• Task inputs
* * * *

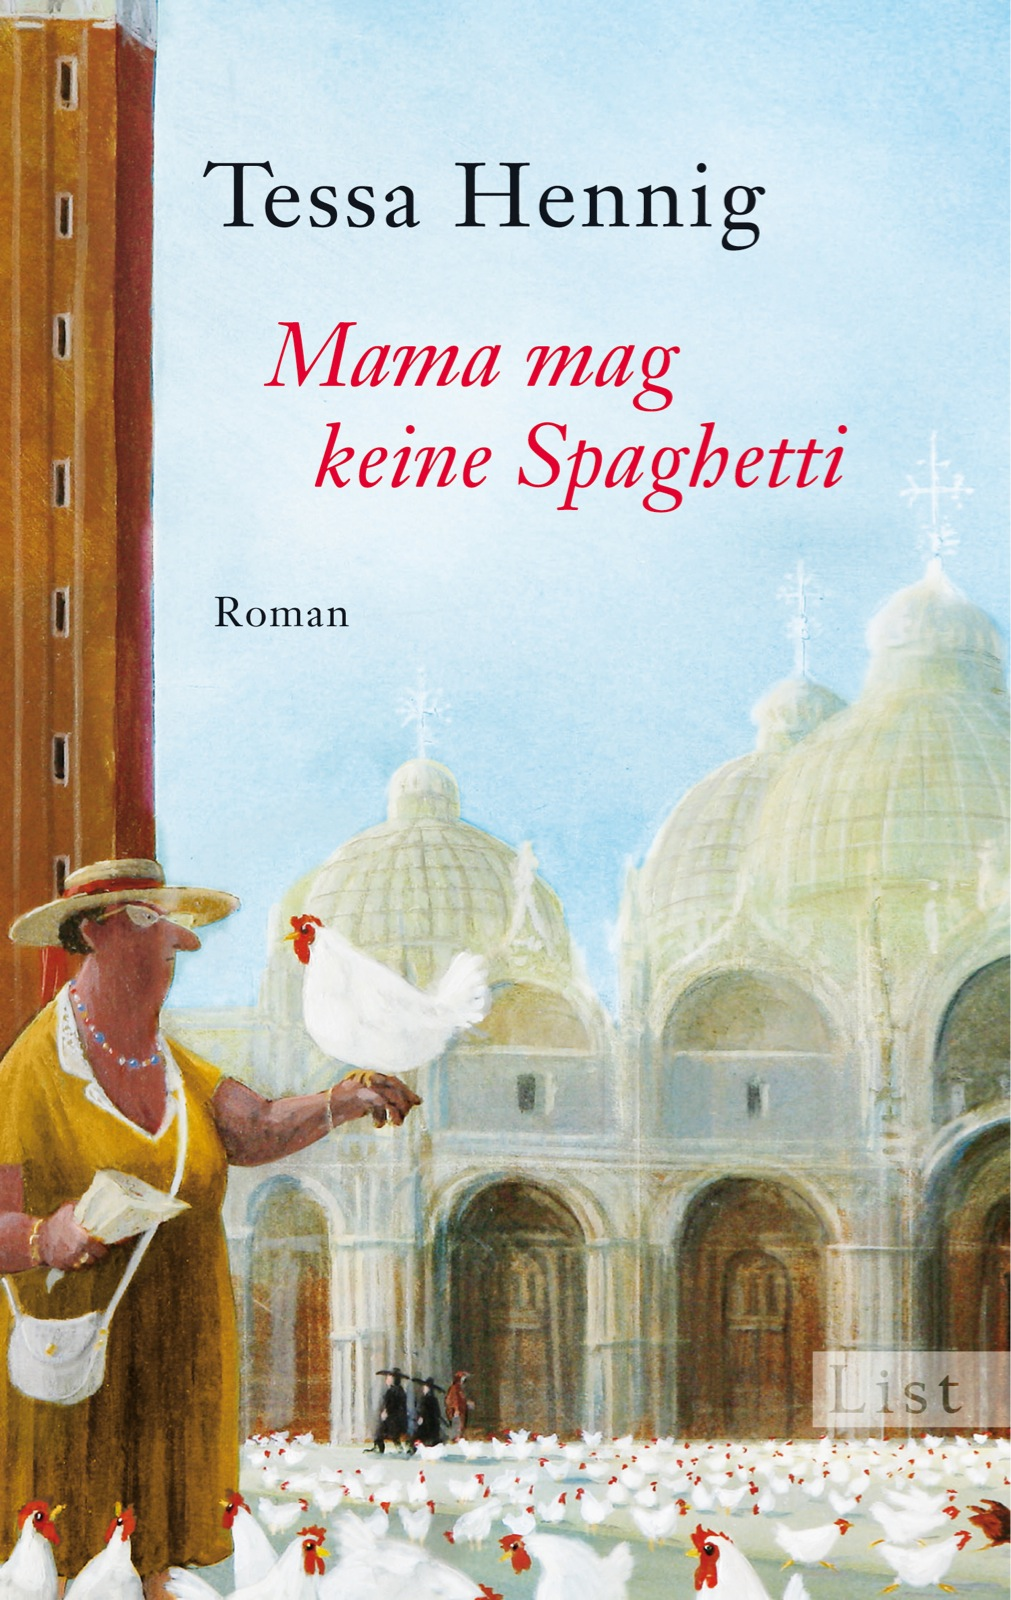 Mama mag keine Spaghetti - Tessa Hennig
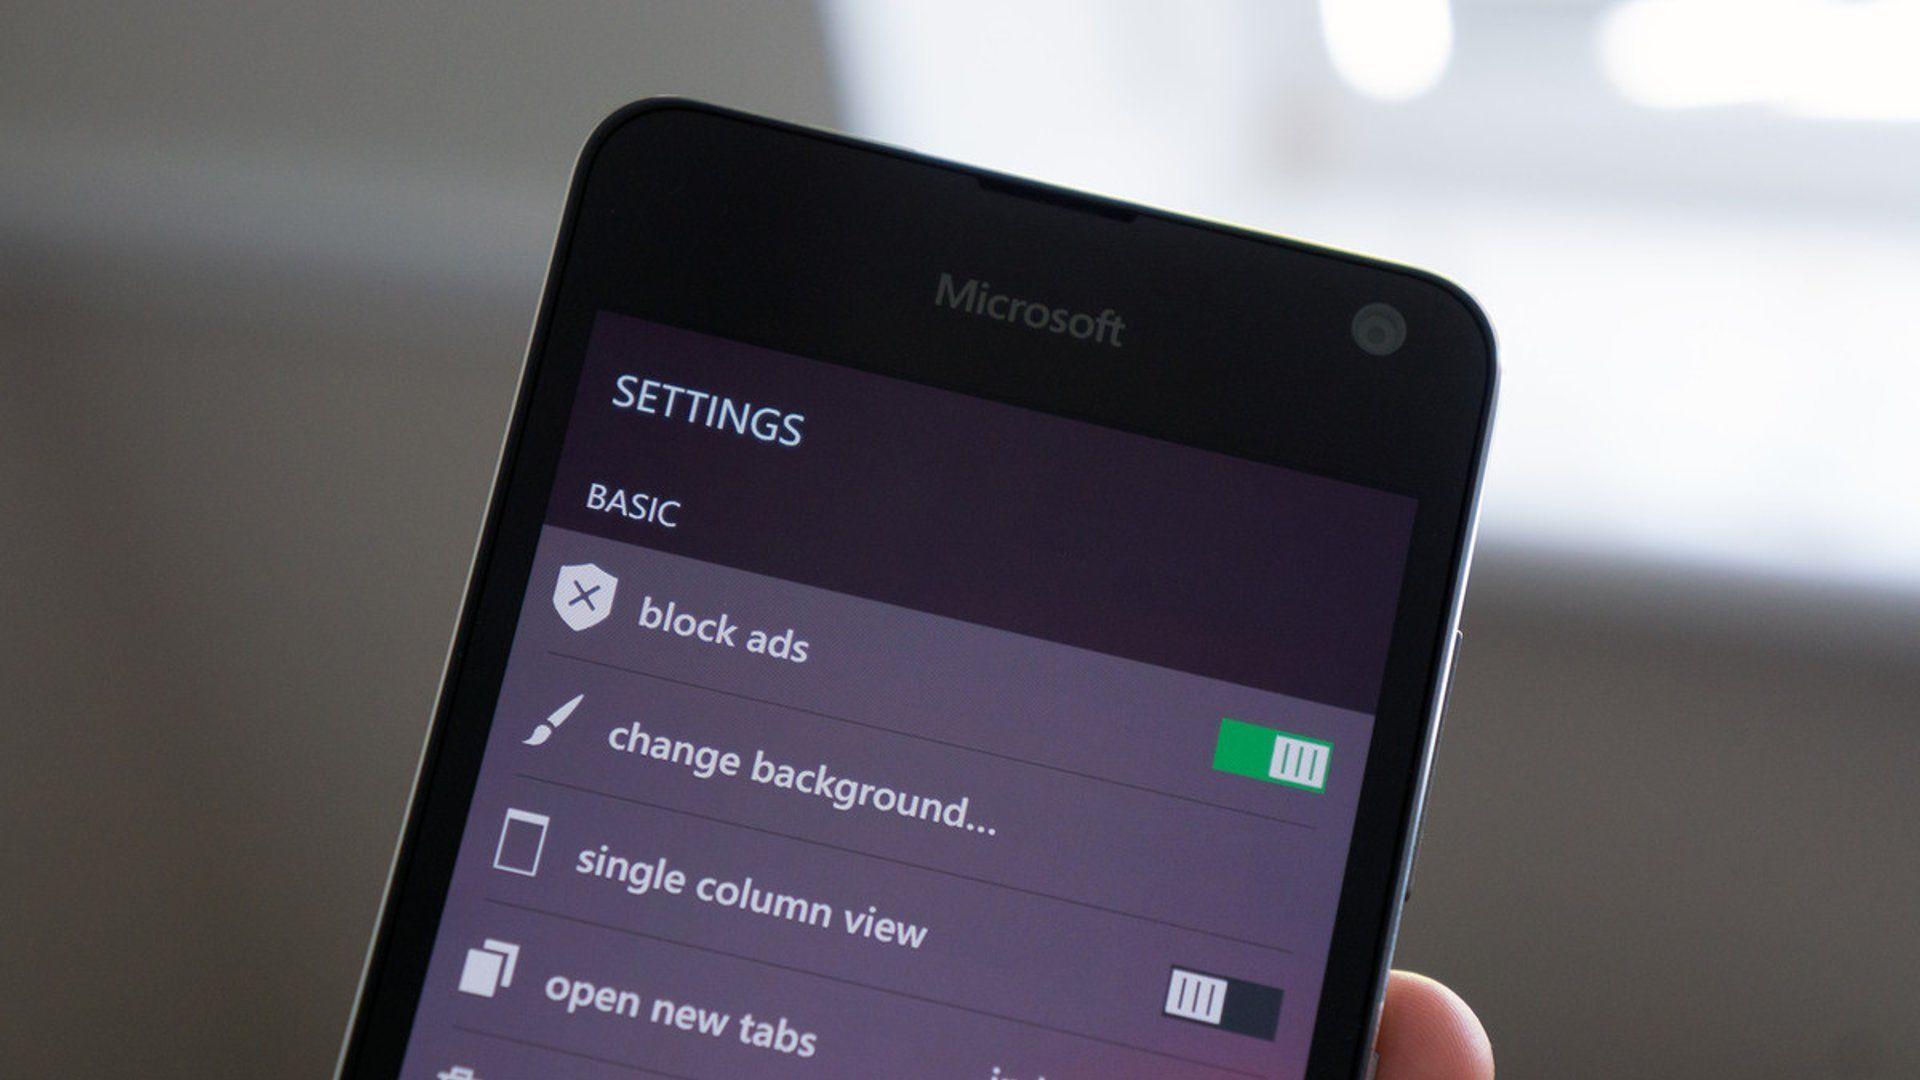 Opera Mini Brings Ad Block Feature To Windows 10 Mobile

* * * *

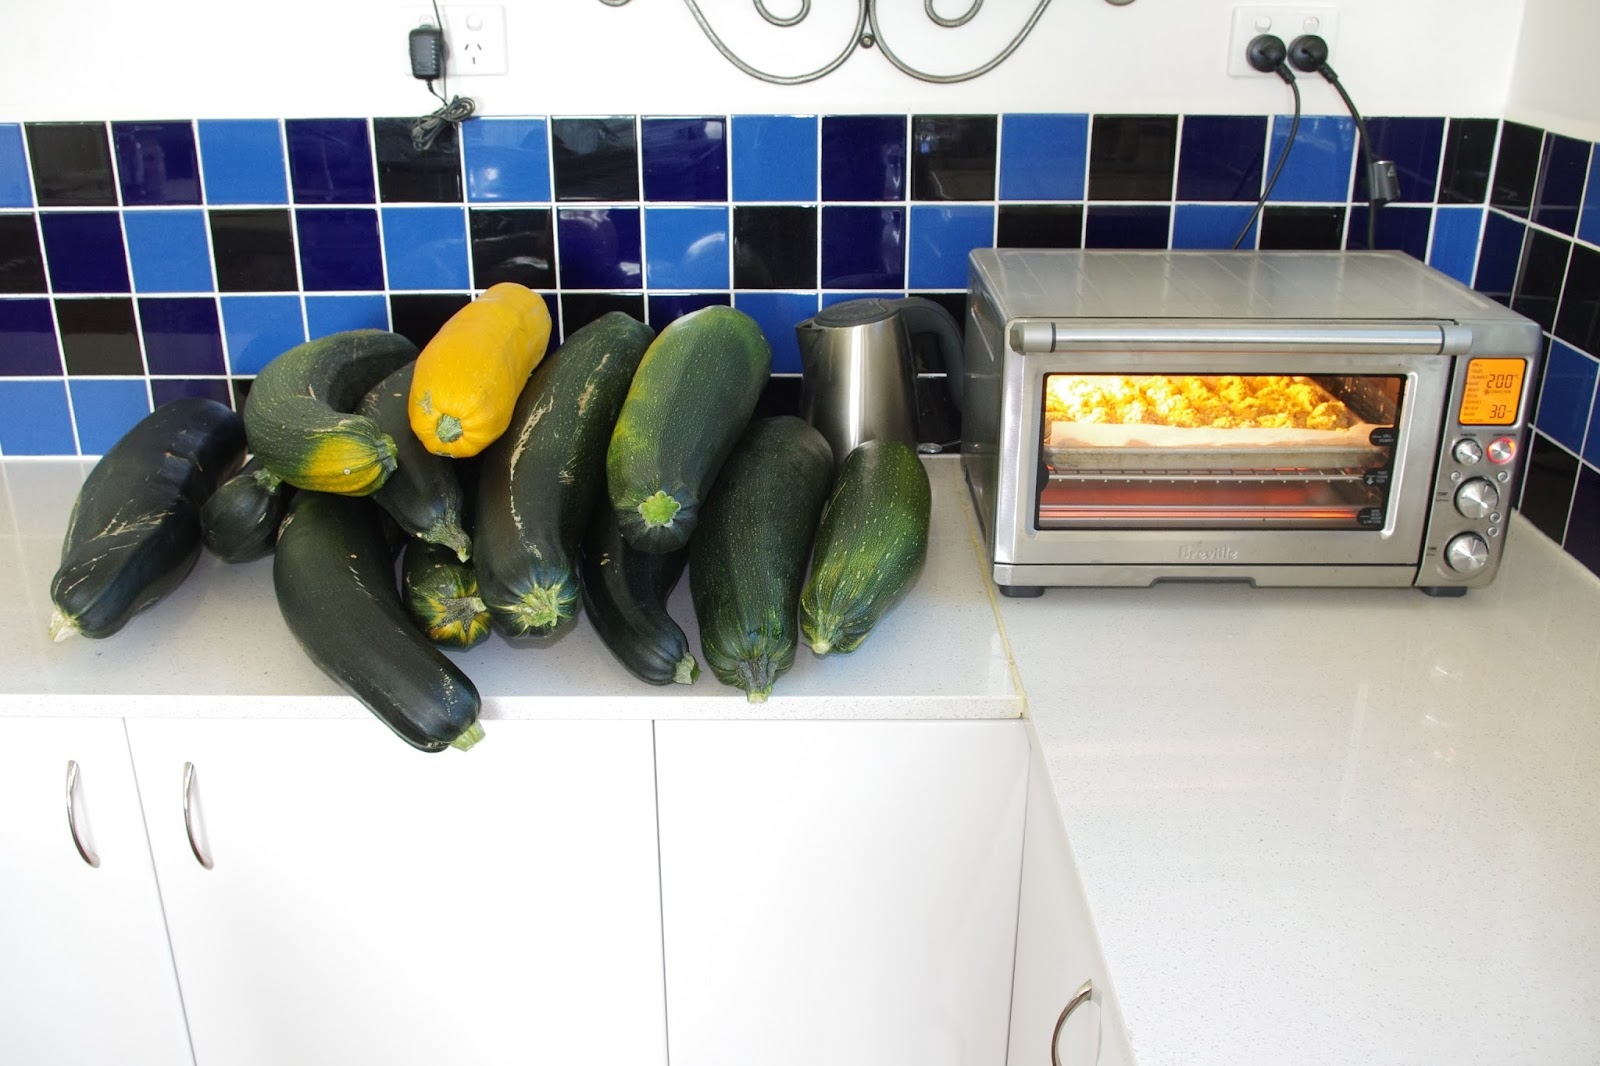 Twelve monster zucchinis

* * * *

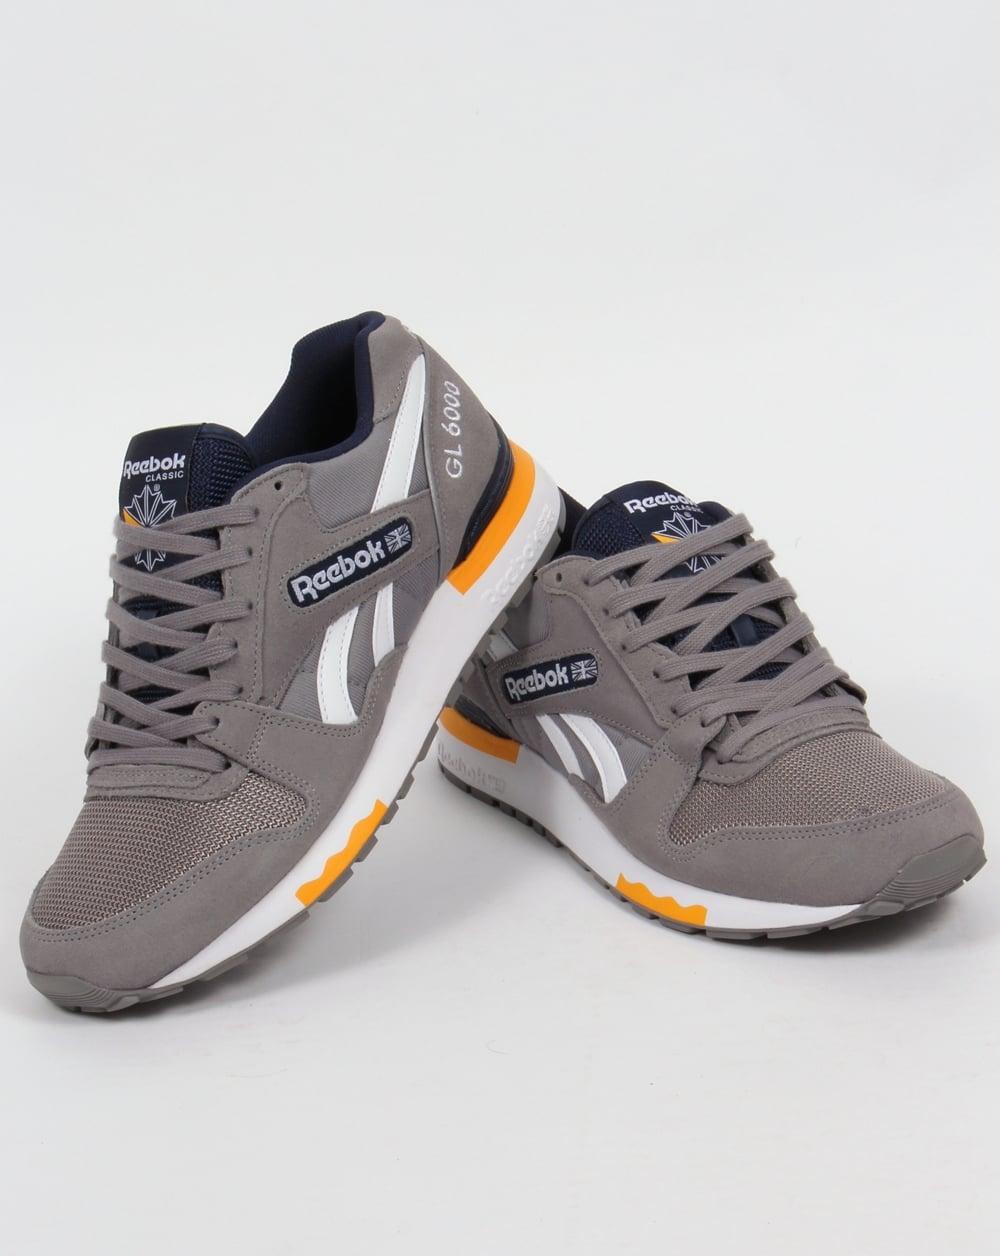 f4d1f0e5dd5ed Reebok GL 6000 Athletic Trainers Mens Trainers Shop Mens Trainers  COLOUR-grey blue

* * * *

• What needs to be done
Please output the lines above beginning at the line with "Mama mag keine Spaghetti - Tessa Hennig" and ending after the line with "Opera Mini Brings", precisely as written and with no pictures.

• Exercise answer
 Mama mag keine Spaghetti - Tessa Hennig
 Opera Mini Brings Ad Block Feature To Windows 10 Mobile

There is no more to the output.